- _Data provided_:
+ + +

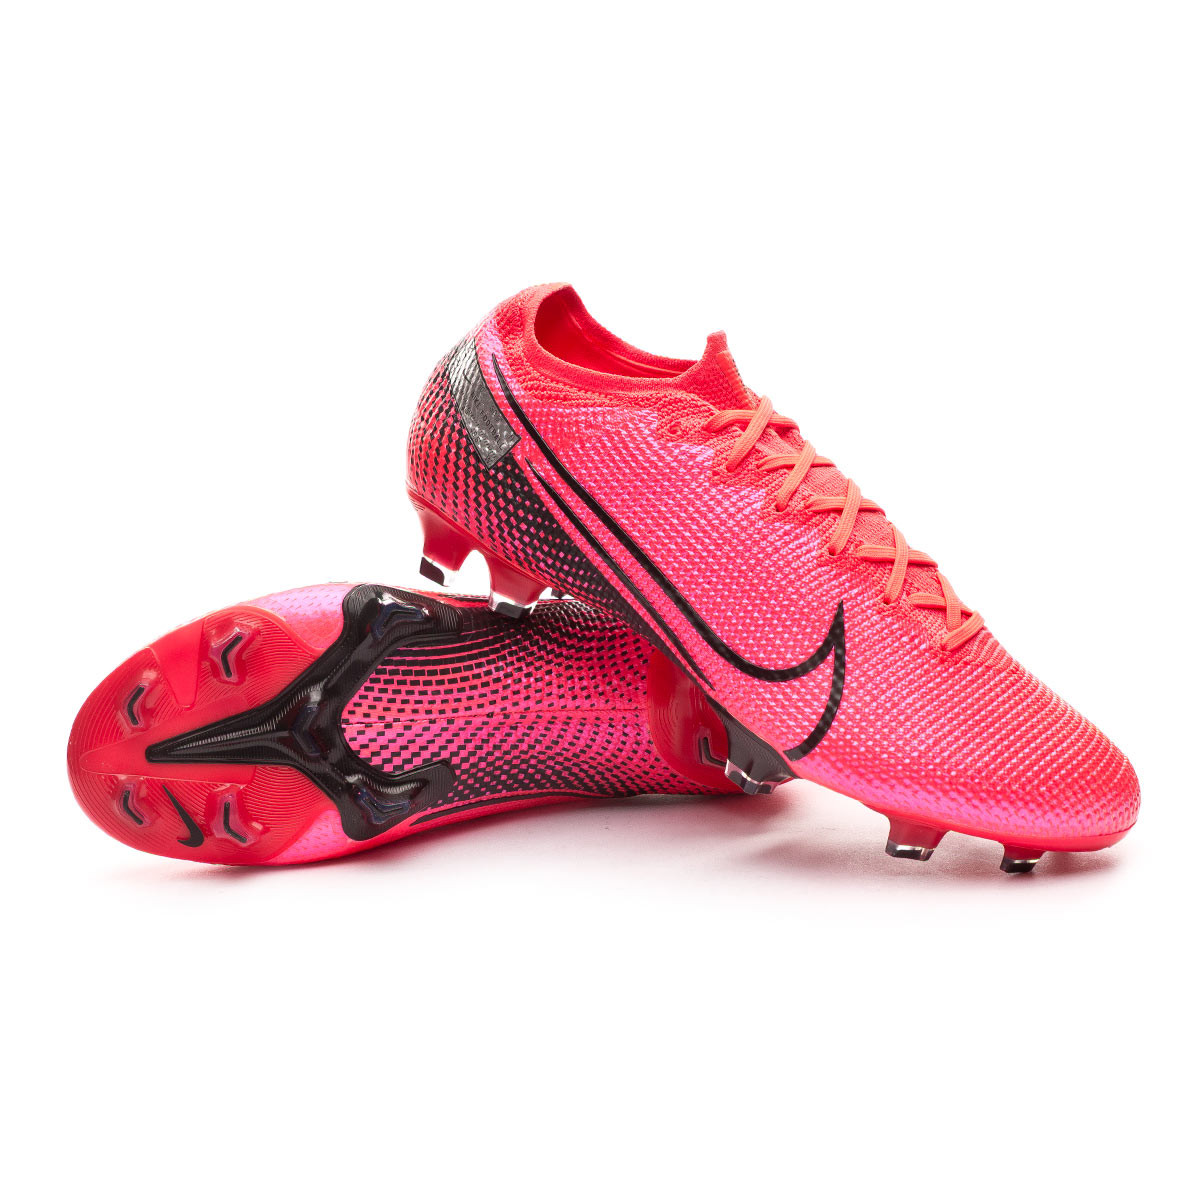 Zapatos de fútbol Nike Mercurial Vapor XIII Elite FG Laser crimson-Black -  Tienda de fútbol Fútbol Emotion
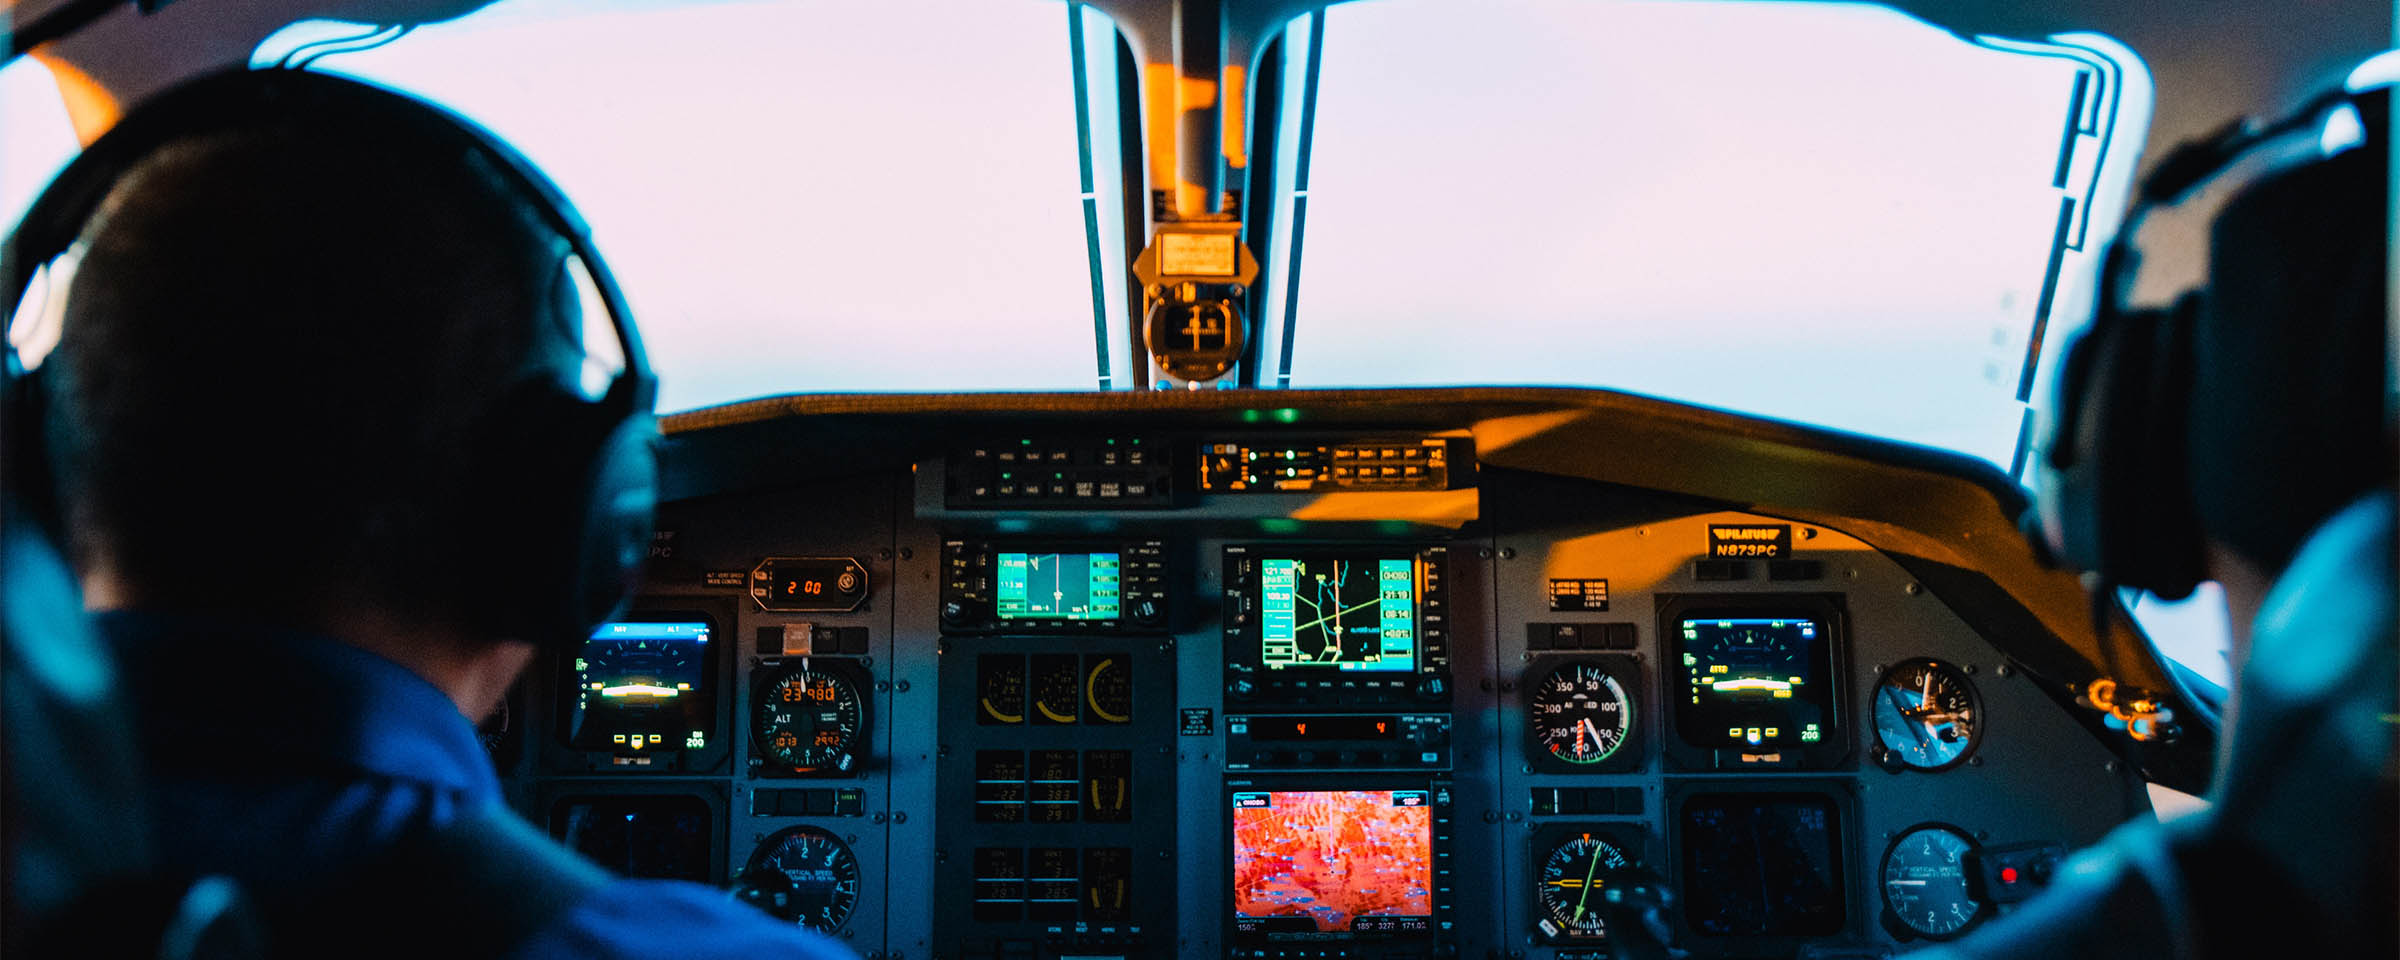 Cockpit of an aircraft
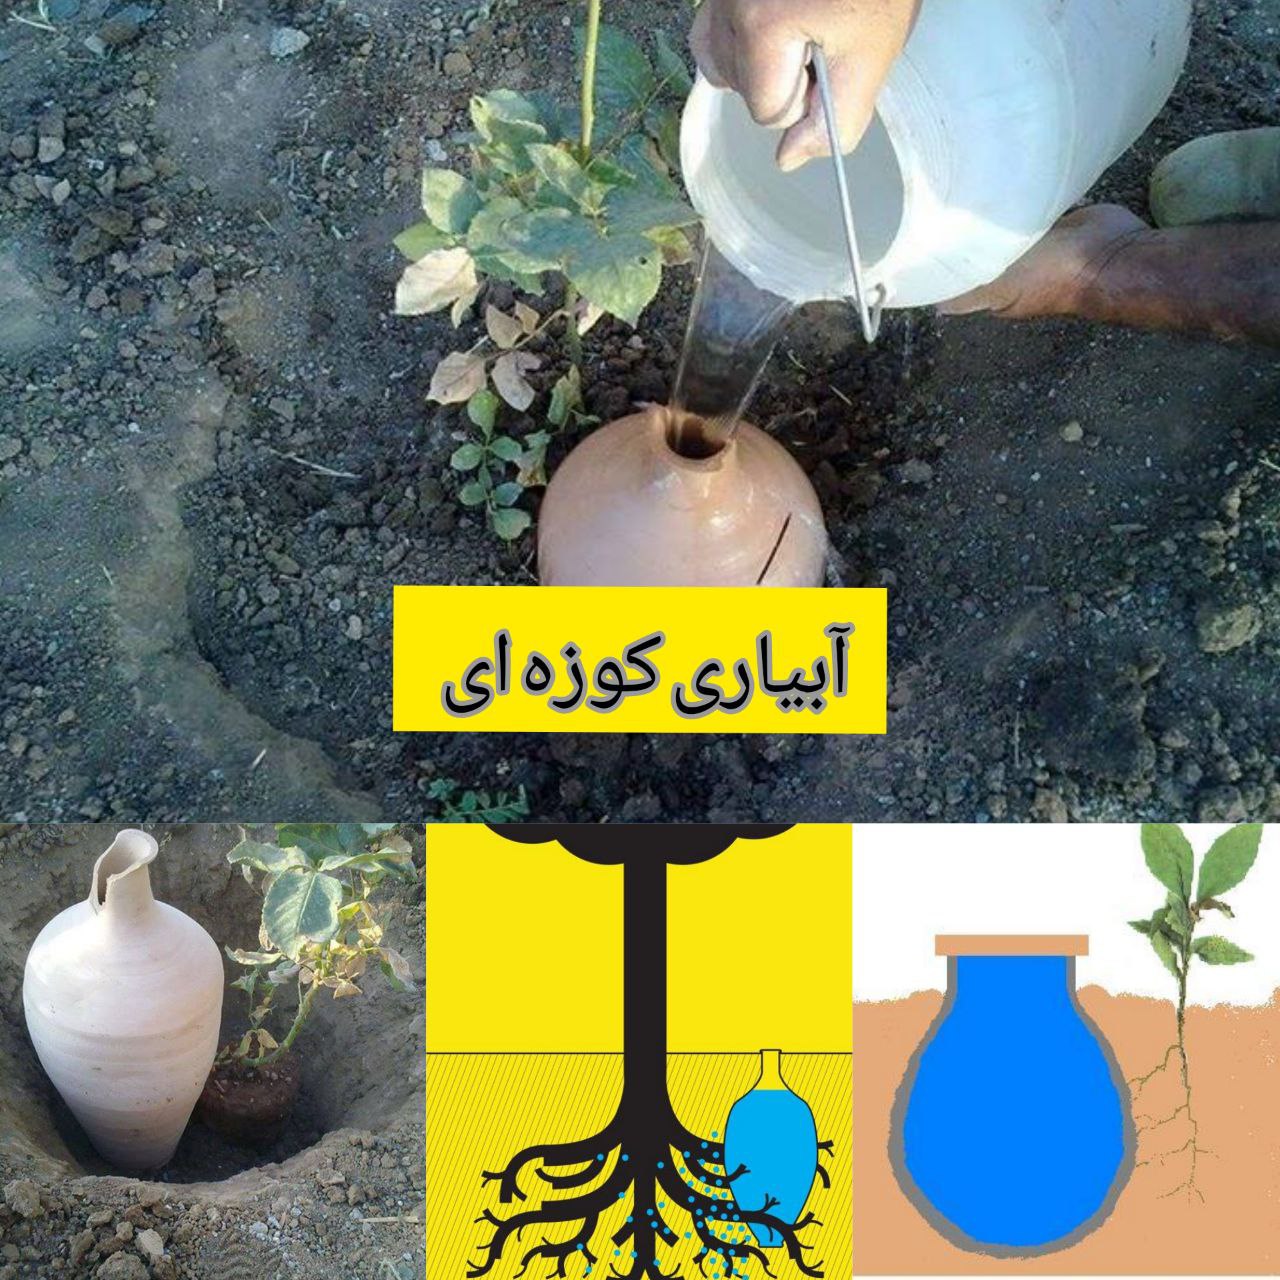 آبیاری کوزه ای یکی از ابتکارات ایرانیان برای سیراب کردن گیاهان در مناطق خشک و نیمه خشک بوده است. در 
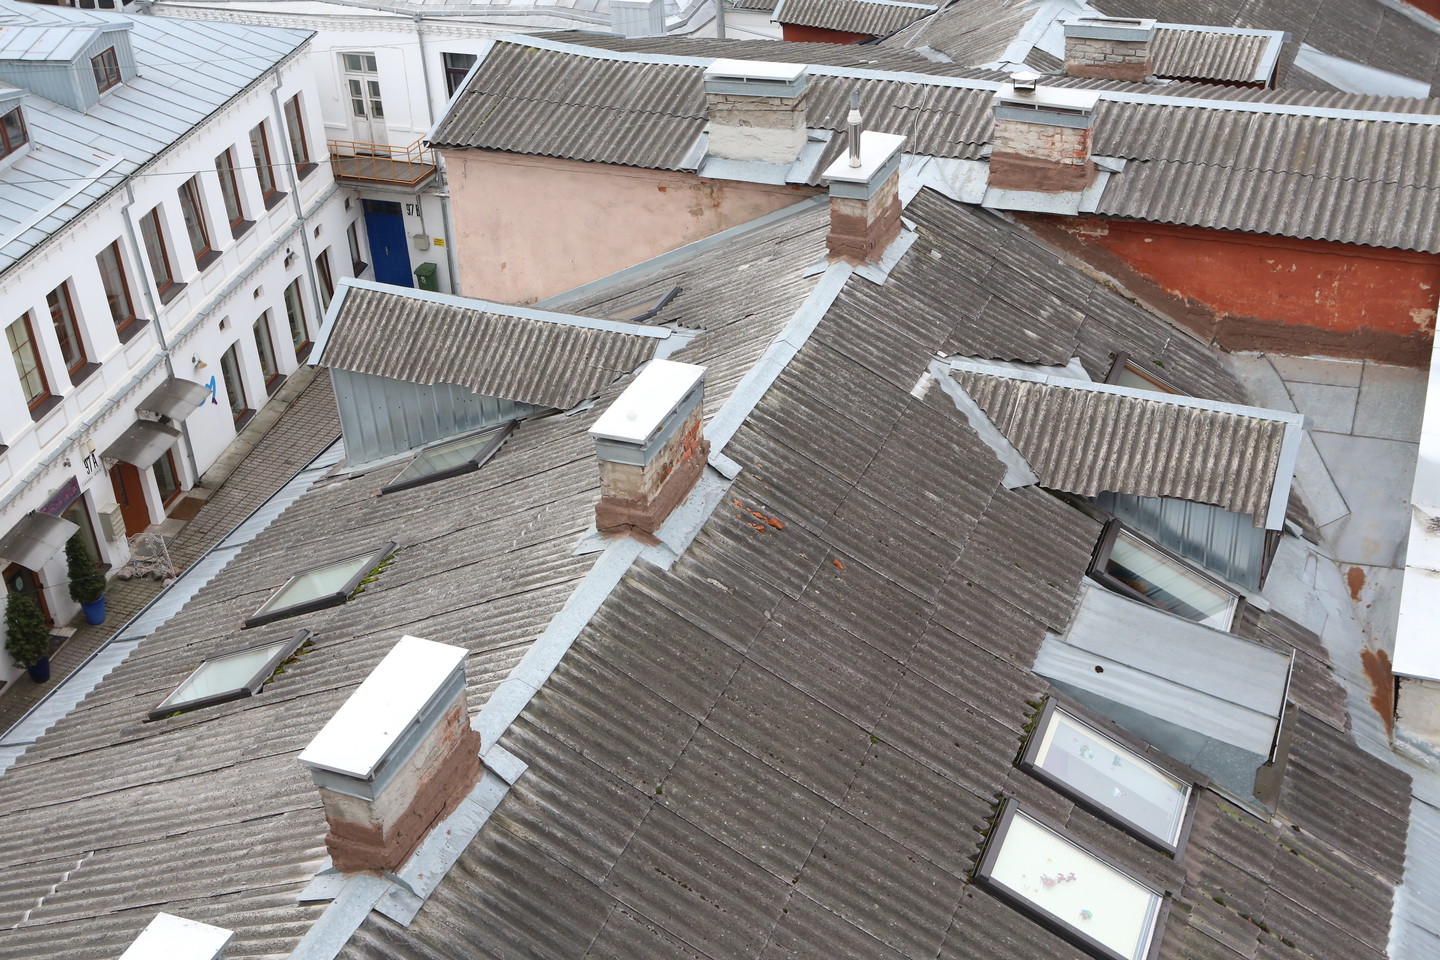  Asbesto šiferio stogų danga - ir žmogui, ir aplinkai pavojingos atliekos, tačiau jų itin vangiai atsikratoma.  <br> M.Patašiaus nuotr. 

+ + +

- _Exercise description_: Leave out all pictures, then copy the remaining material exactly.

- _Written answer_:
 Zapatos de fútbol Nike Mercurial Vapor XIII Elite FG Laser crimson-Black -  Tienda de fútbol Fútbol Emotion
 Cockpit of an aircraft
 آبیاری کوزه ای یکی از ابتکارات ایرانیان برای سیراب کردن گیاهان در مناطق خشک و نیمه خشک بوده است. در 
  Asbesto šiferio stogų danga - ir žmogui, ir aplinkai pavojingos atliekos, tačiau jų itin vangiai atsikratoma.  <br> M.Patašiaus nuotr. 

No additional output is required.